Directions:
Copy, from the material below, every line in which the word "Alamy" can be found.

*** Block opens ***

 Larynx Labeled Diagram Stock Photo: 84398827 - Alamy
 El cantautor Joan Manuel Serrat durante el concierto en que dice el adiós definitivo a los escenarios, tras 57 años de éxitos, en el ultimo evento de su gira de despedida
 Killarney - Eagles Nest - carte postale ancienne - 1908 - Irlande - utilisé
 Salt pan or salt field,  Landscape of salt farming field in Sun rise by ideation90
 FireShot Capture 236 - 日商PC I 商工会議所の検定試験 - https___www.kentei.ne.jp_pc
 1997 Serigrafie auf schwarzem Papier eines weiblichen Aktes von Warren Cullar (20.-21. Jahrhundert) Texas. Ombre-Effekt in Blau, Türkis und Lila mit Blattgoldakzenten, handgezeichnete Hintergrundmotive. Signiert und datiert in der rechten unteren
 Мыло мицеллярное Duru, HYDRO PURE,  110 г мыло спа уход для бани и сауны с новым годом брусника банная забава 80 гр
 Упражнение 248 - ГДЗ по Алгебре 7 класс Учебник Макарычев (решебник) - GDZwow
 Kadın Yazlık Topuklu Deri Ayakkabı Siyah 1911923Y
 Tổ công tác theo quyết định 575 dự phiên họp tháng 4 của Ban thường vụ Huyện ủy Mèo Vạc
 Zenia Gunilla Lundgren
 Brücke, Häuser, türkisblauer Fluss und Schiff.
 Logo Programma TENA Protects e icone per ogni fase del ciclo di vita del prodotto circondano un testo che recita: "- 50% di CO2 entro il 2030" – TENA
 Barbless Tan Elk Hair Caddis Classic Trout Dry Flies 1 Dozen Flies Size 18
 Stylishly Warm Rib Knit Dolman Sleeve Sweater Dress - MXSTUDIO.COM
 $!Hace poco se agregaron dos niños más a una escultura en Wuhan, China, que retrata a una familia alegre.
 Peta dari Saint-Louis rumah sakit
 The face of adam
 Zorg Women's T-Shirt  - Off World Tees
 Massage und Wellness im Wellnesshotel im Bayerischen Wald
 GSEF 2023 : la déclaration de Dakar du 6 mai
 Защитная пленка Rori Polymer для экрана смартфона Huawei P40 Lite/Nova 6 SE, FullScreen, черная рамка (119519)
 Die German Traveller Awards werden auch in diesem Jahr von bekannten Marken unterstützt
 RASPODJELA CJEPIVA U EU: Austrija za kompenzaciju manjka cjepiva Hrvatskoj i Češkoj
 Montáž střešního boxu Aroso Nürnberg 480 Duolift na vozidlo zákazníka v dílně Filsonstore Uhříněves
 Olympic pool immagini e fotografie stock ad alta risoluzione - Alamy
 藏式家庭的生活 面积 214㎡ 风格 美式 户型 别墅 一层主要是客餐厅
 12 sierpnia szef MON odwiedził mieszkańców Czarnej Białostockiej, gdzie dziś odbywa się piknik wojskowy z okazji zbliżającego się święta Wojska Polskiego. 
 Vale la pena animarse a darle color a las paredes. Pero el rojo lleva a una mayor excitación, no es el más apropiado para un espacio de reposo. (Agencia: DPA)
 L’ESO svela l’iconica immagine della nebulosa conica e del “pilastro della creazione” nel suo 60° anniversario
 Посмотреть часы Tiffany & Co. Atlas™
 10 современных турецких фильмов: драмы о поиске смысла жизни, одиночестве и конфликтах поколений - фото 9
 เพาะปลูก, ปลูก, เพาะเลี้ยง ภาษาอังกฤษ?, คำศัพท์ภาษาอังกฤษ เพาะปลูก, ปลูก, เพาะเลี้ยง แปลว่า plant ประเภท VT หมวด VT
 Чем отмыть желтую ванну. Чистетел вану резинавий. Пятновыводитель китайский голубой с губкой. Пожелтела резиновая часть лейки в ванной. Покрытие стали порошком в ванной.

*** Block closes ***

Written answer:
 Larynx Labeled Diagram Stock Photo: 84398827 - Alamy
 Olympic pool immagini e fotografie stock ad alta risoluzione - Alamy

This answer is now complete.